▸ Data shown:
---

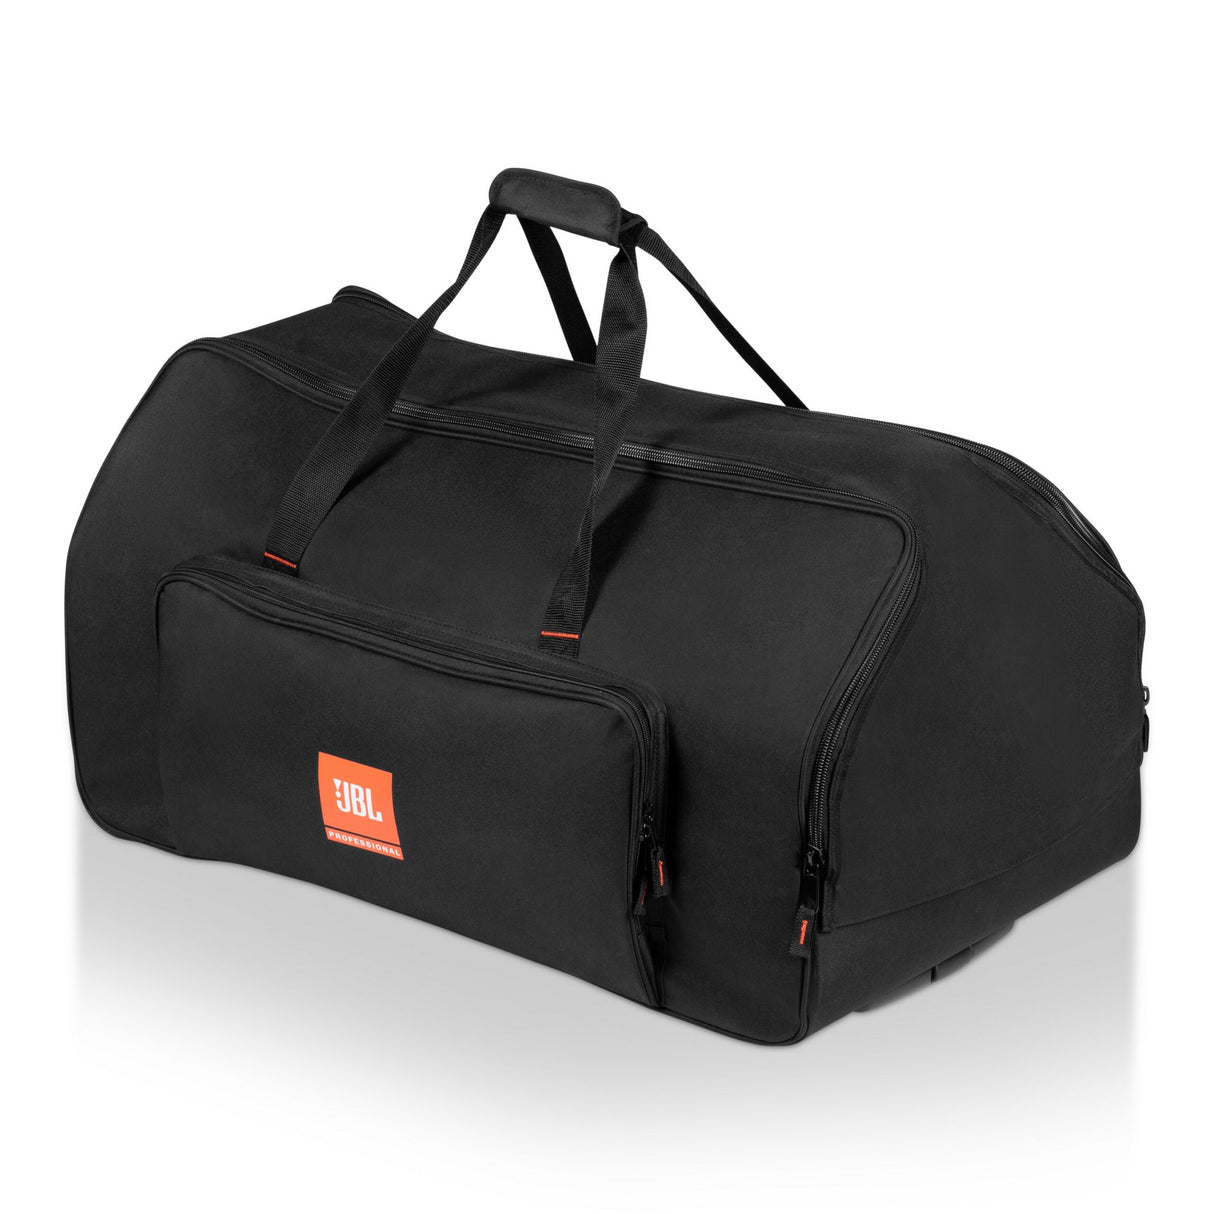 JBL EON715-BAG-W Tote Bag with Wheels for EON715 Speaker
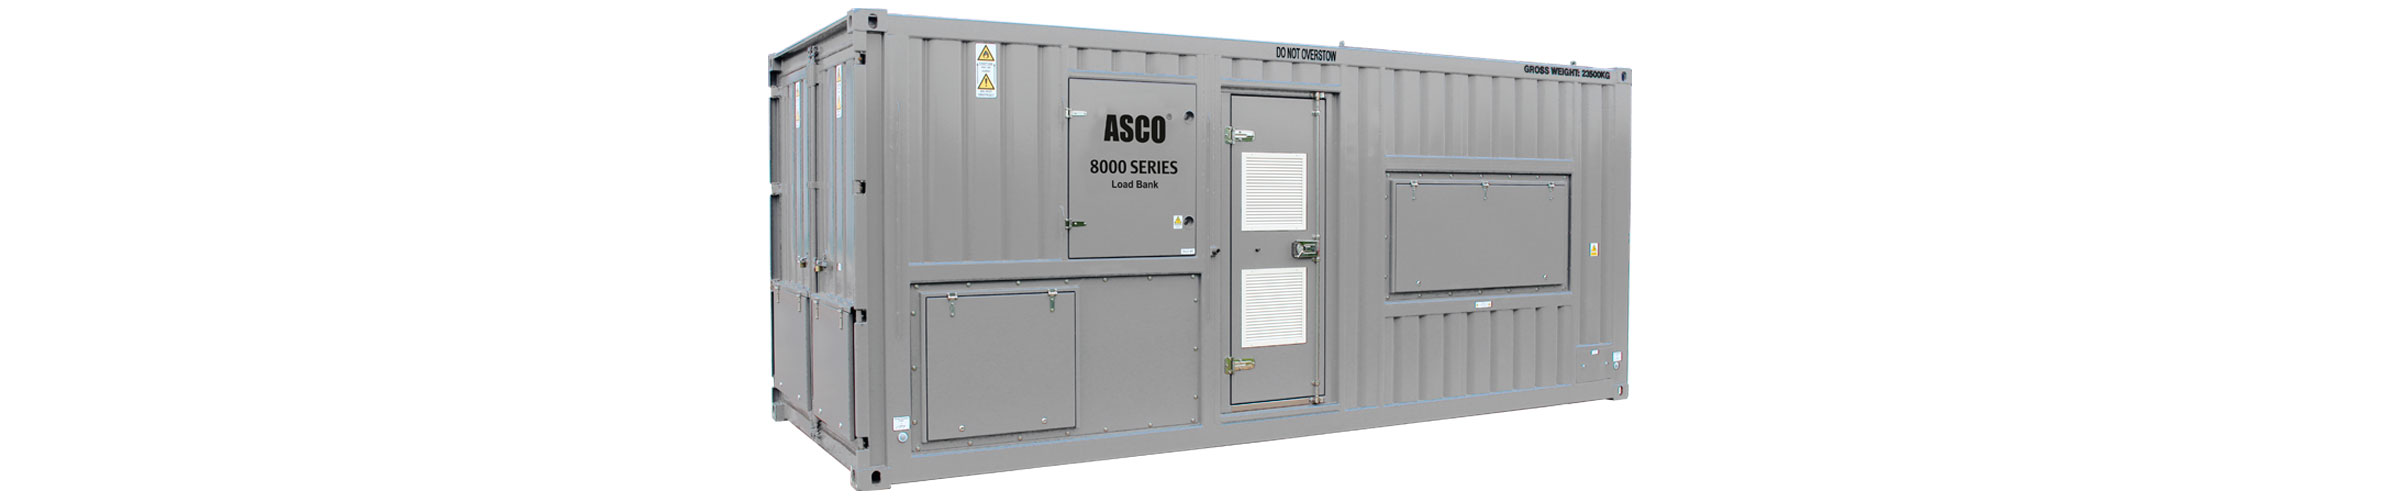 ASCO 8800 contrainerized MV load bank
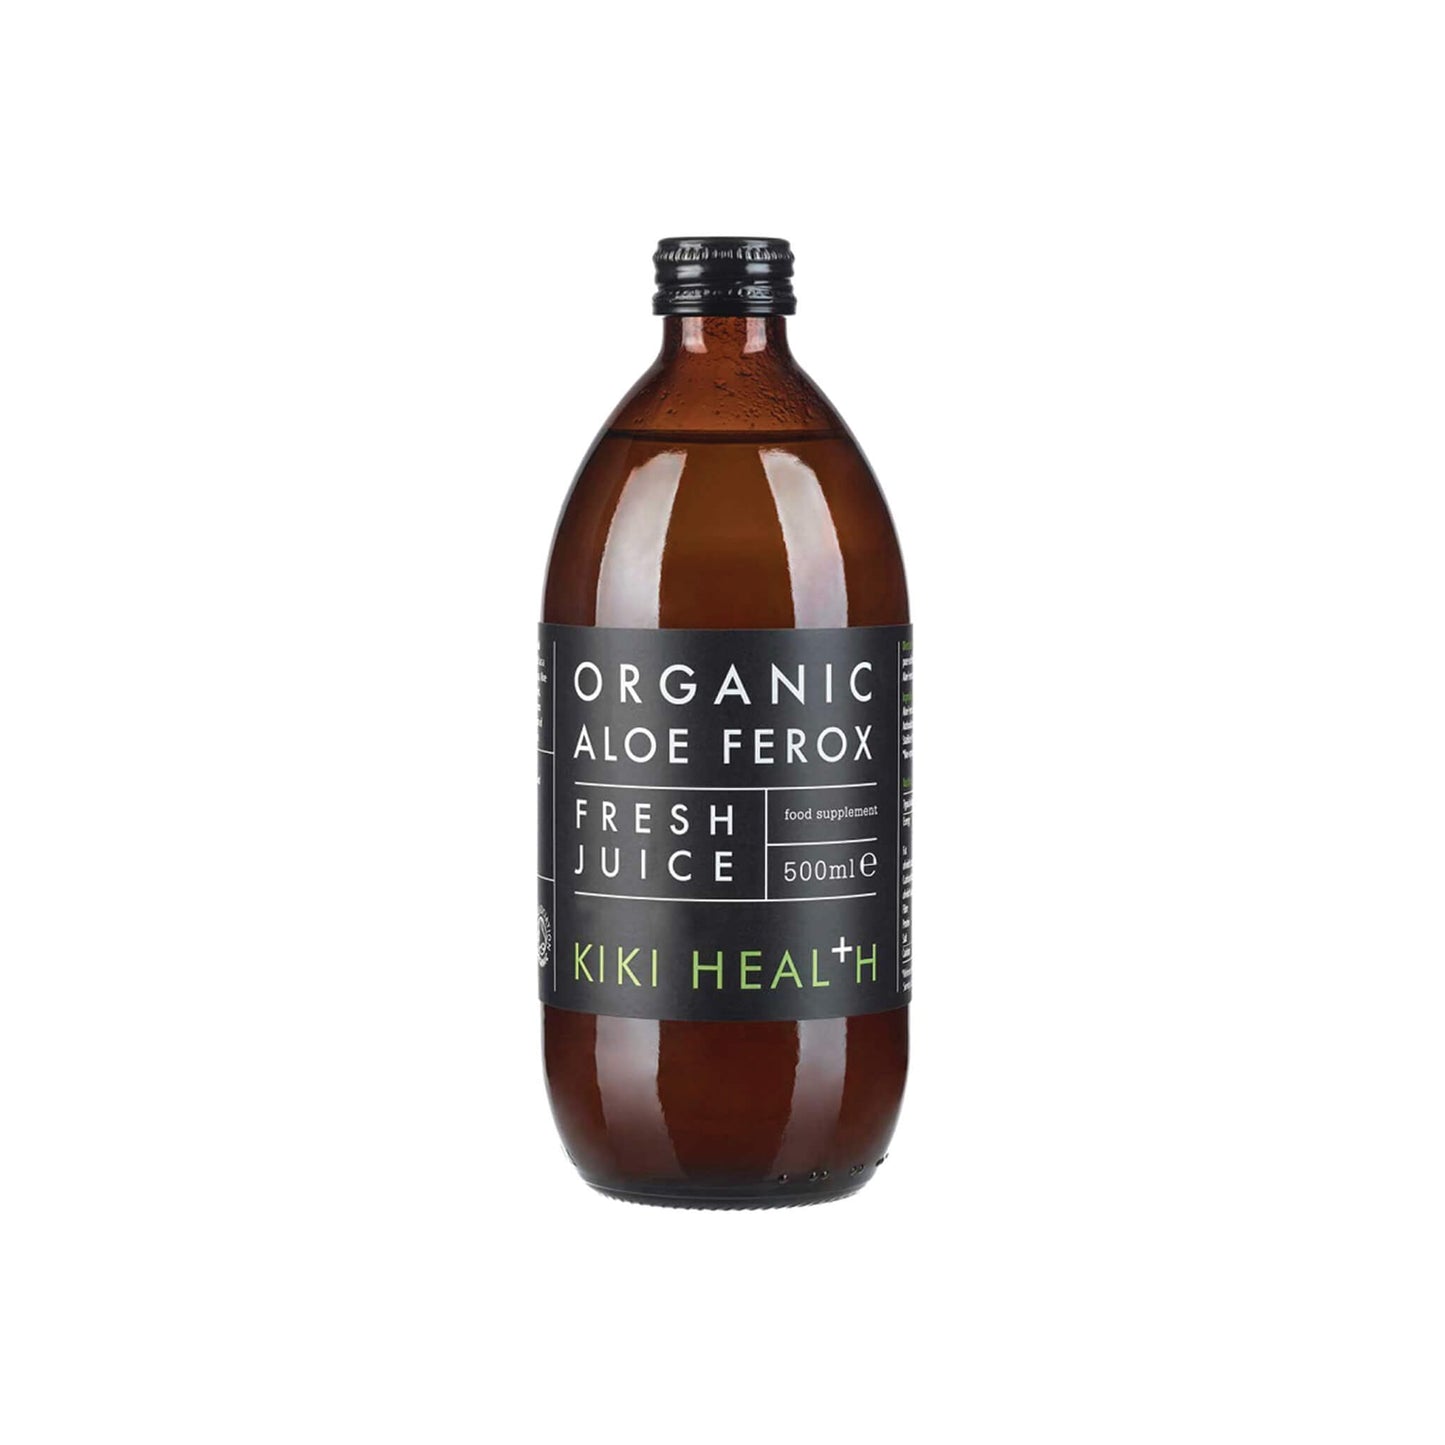 Kiki Health Aloe Ferox Juice Organic - 500 ml.

---

▸ Goal of the exercise: From the material above, print everything exactly except the pictures.

▸ Response to this exercise:
 JBL EON715-BAG-W Tote Bag with Wheels for EON715 Speaker
 ASCO 8800 contrainerized MV load bank
 Kiki Health Aloe Ferox Juice Organic - 500 ml.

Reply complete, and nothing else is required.